Add throughput slo doc

bronhaim · May 8, 2017 · 63a0afb · 63a0afb
1 parent 41e99f0
commit 63a0afb
Showing 1 changed file with 23 additions and 0 deletions.
diff --git a/sig-scalability/throughput_burts_slo.md b/sig-scalability/throughput_burts_slo.md
@@ -0,0 +1,23 @@
+# SLO: Kubernetes cluster of size at least X is able to start Y Pods in Z minutes
+
+## Burst Pod Startup Throughput SLO
+### Summary
+Kubernetes cluster of size at least X is able to start Y Pods in Z minutes.
+### User Stories
+- User is running a workload of X total pods and wants to ensure that it can be started in Y time. 

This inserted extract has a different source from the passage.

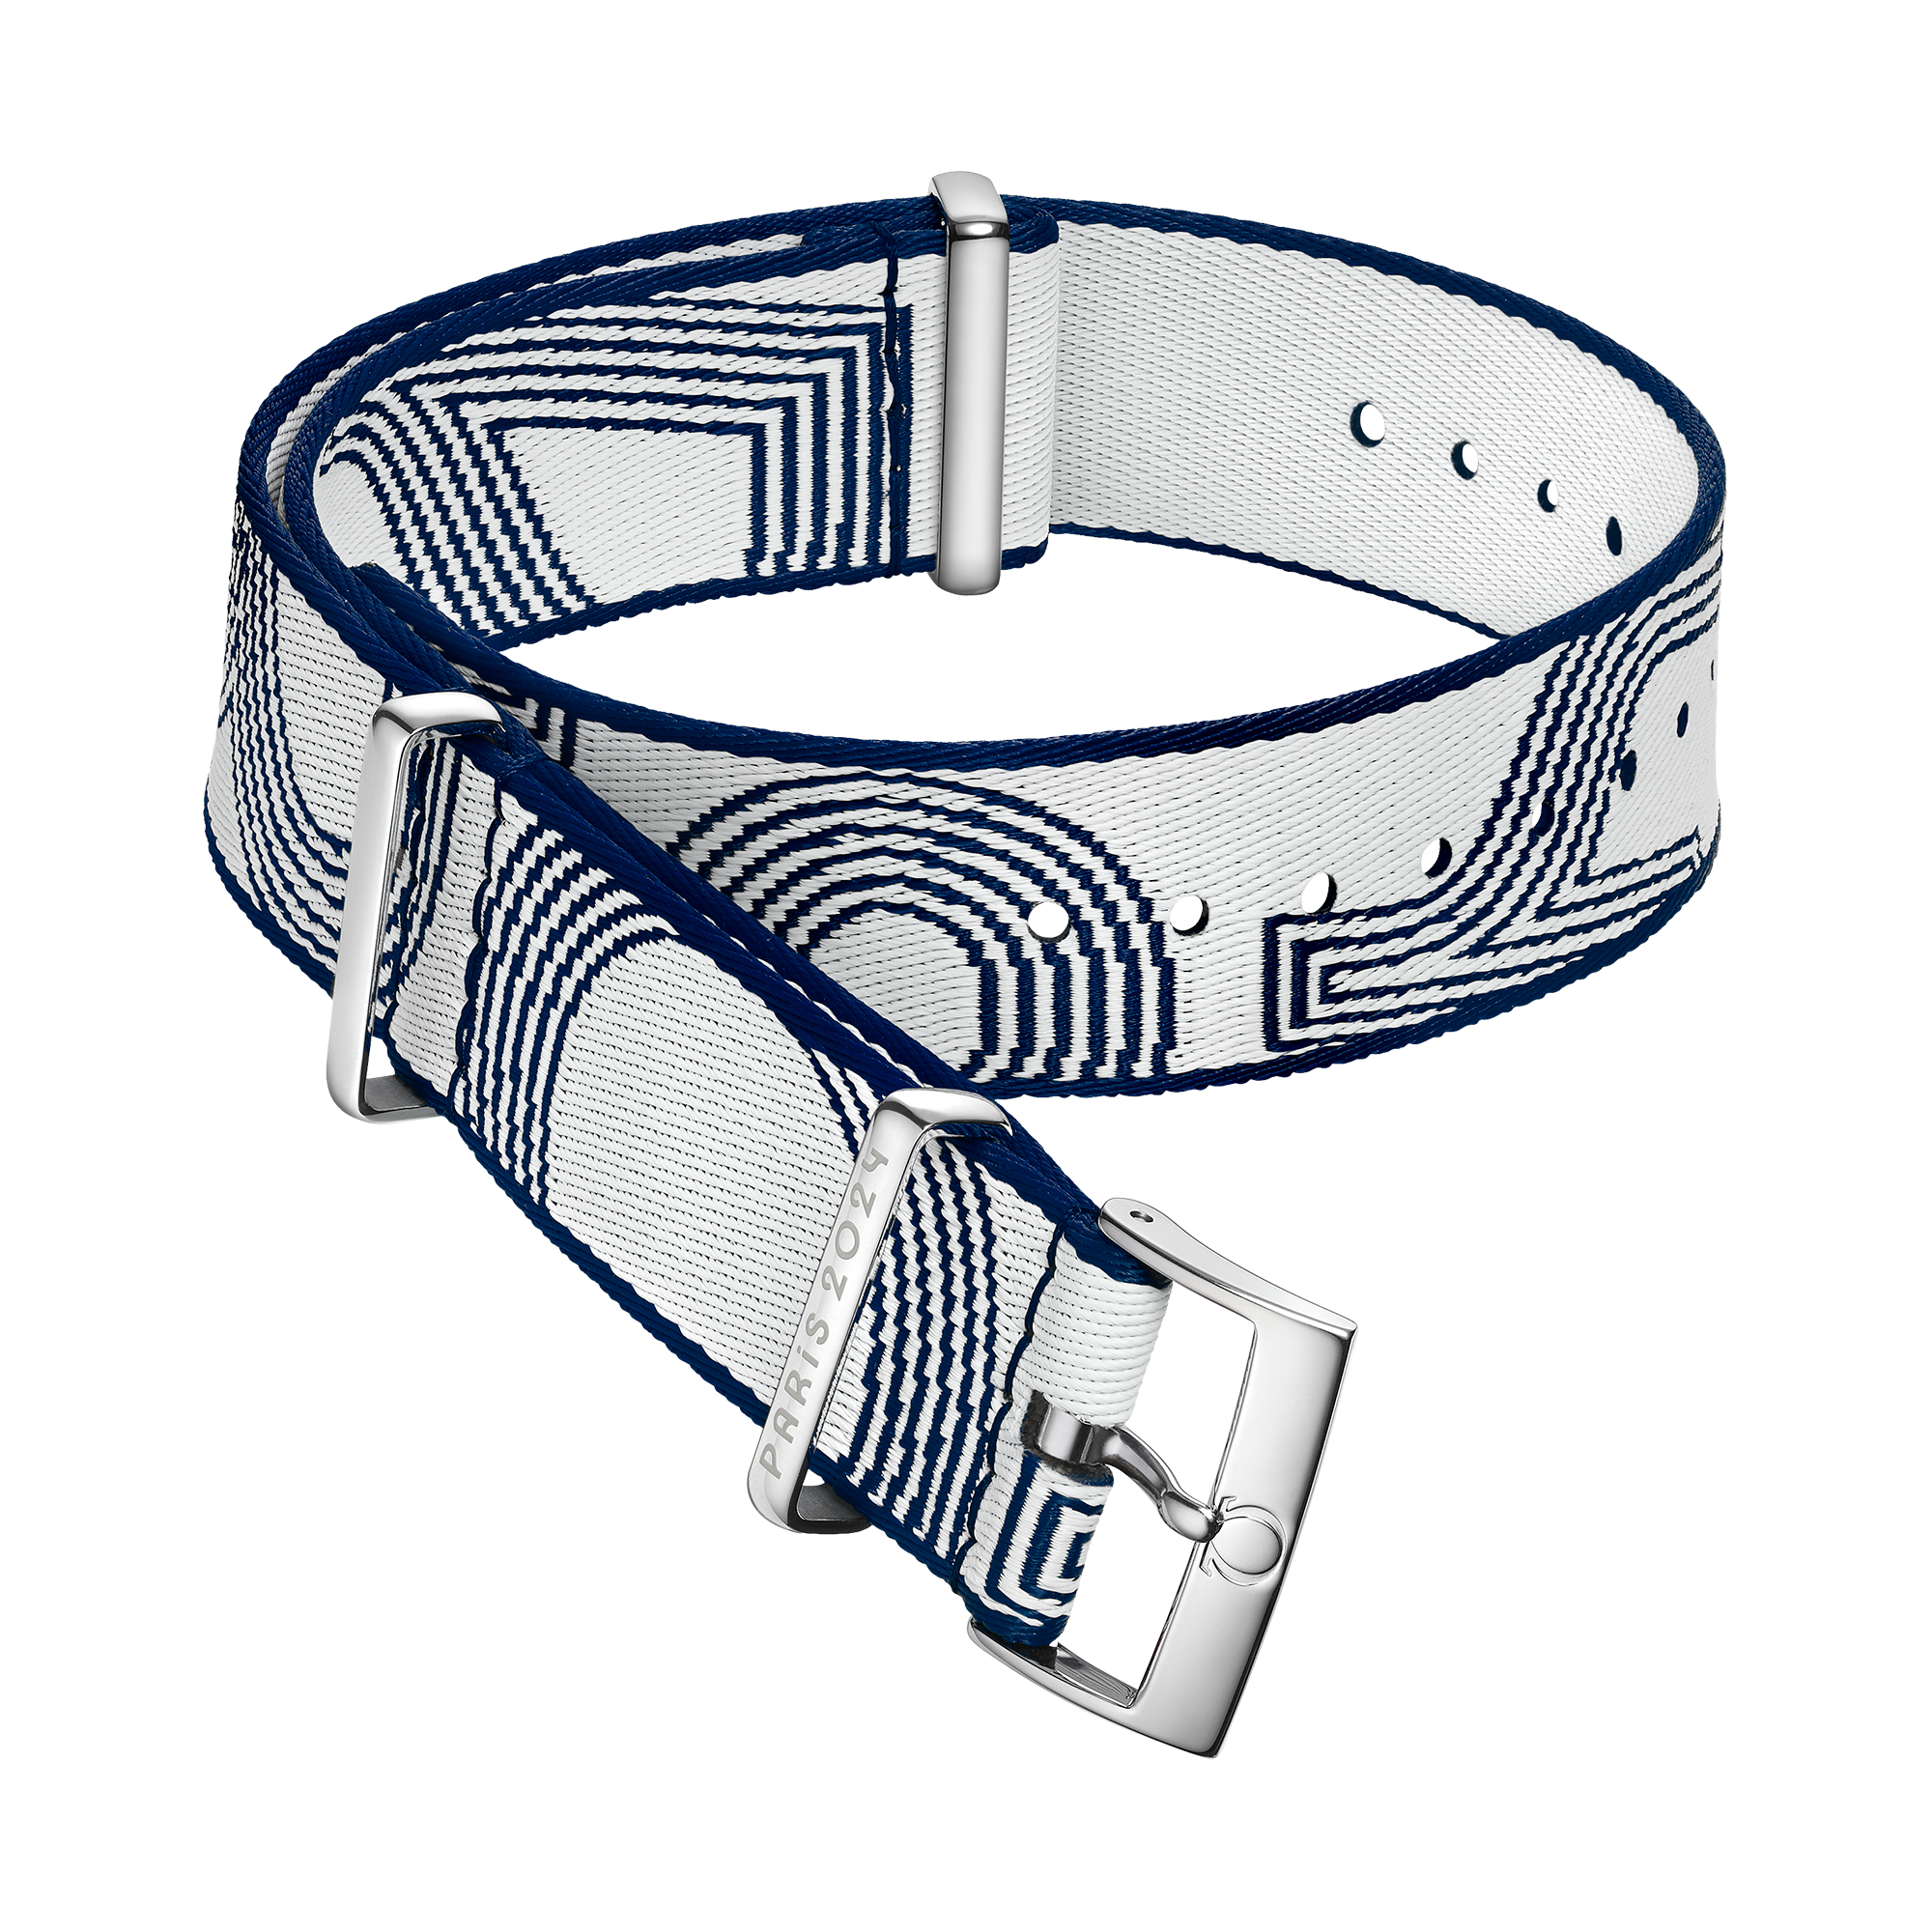 NATO strap - Polyamide white and blue strap - 031Z019138W
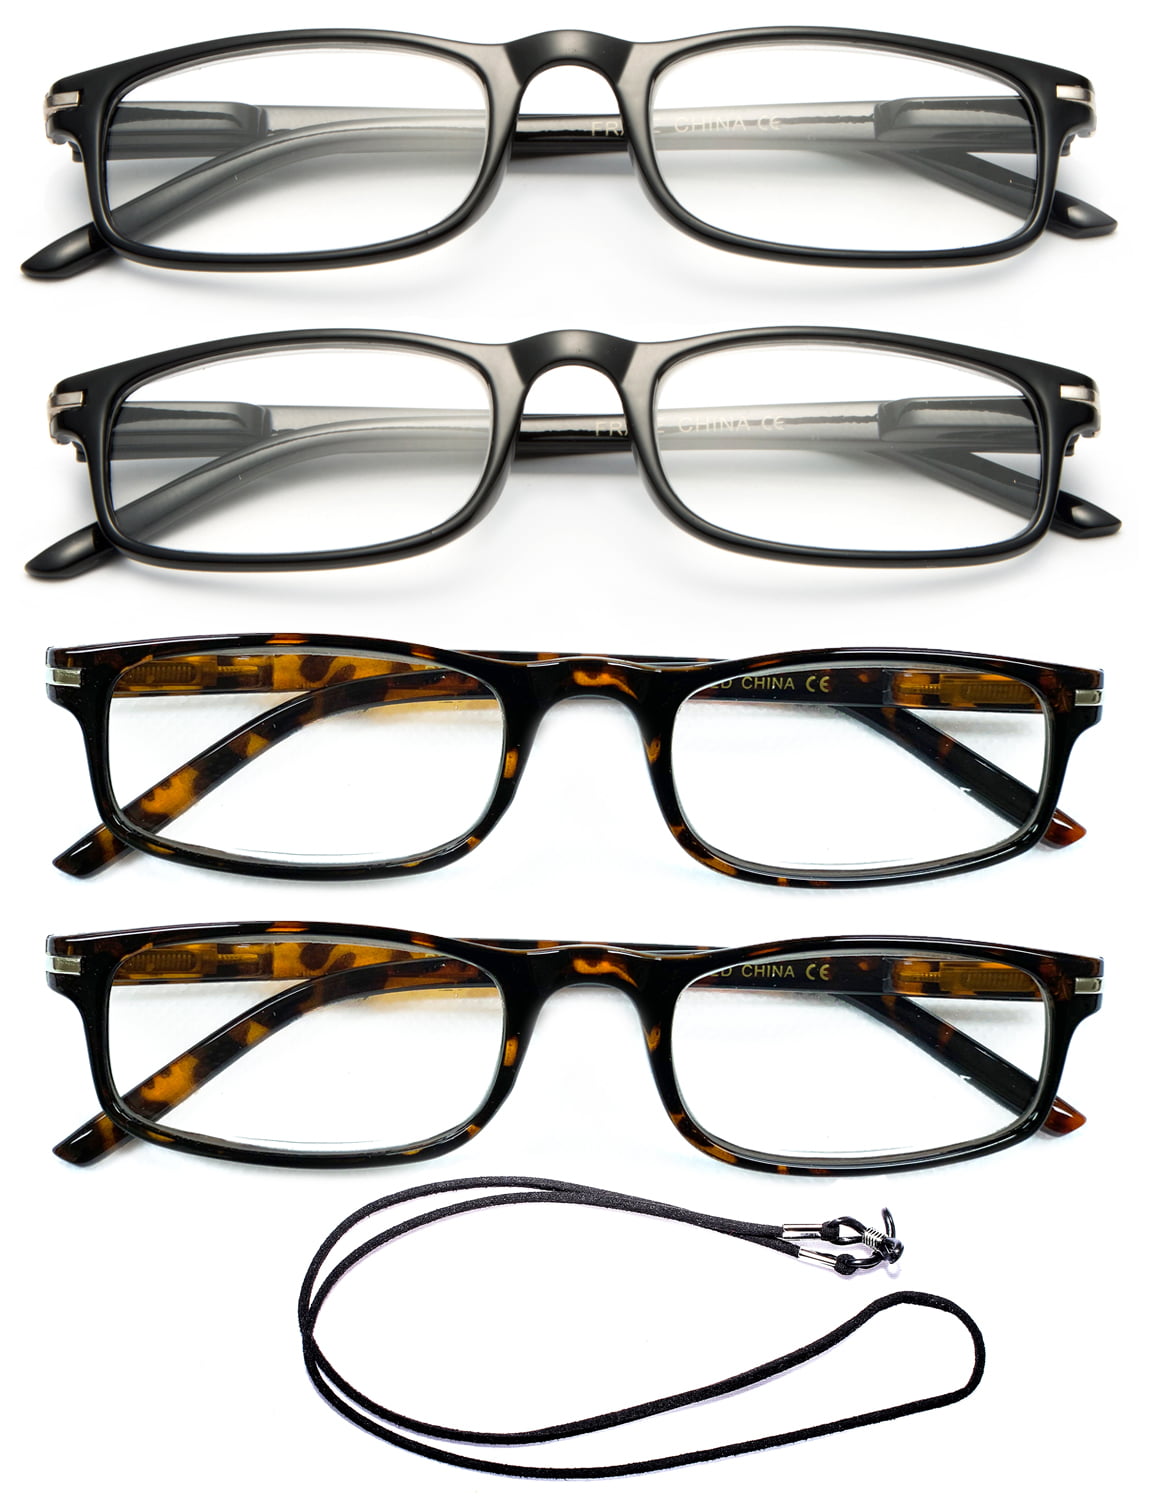 4 Pair Newbee Fashion Unisex Modern Look Slim Frame Spring Temple Light Weight Reading Glasses

+- User wants to understand how quickly they can react to a dramatic change in workload profile - e.g. they need to begin scheduling new pods when QPS meets Z% of maximum throughput of users system - to accommodate a spike due to a Black Friday Sale.
+- User is running a huge serving app on a huge cluster. He wants to know how quickly he can recreate his whole setup in case of a serious disaster which will bring the whole cluster down.
+
+Current steady state SLOs are do not provide enough data to make these assessments about burst behavior. 
+## SLO definition (full)
+### Test setup
+Standard performance test kubernetes setup.
+### Test scenario is following:
+- Start with a healthy (all nodes ready, all cluster addons already running) cluster with N (>0) running pause Pods/Node.
+- Create smallest number of Deployments necessary to create X Pods, with one Deployment running at most 5000 Pods.
+- Each Deployment runs in it's own Namespace.
+- Each Deployment is covered by a single Service.
+- Each Pod in any Deployment contains two pause containers, one secret other than ServiceAccount and one ConfigMap, has resource request set and doesn't use any advanced scheduling features (Affinities, etc.) or init containers.
+- Measure the time between starting the test and moment when user-side watch saw system reports all Pods Ready. Note that pause container is ready just after it's started, which may not be true for more complex containers that use nontrivial readiness probes.
+### Definition
+Kubernetes cluster of size at least X adhering to the environment definition, when running the specified test, 99th percentile of time necessary to start Y pods from the time when user created all controllers to the time when user-side watch observes all Pod as Ready is no greater than Z minutes, assuming that all images are already present on all Nodes.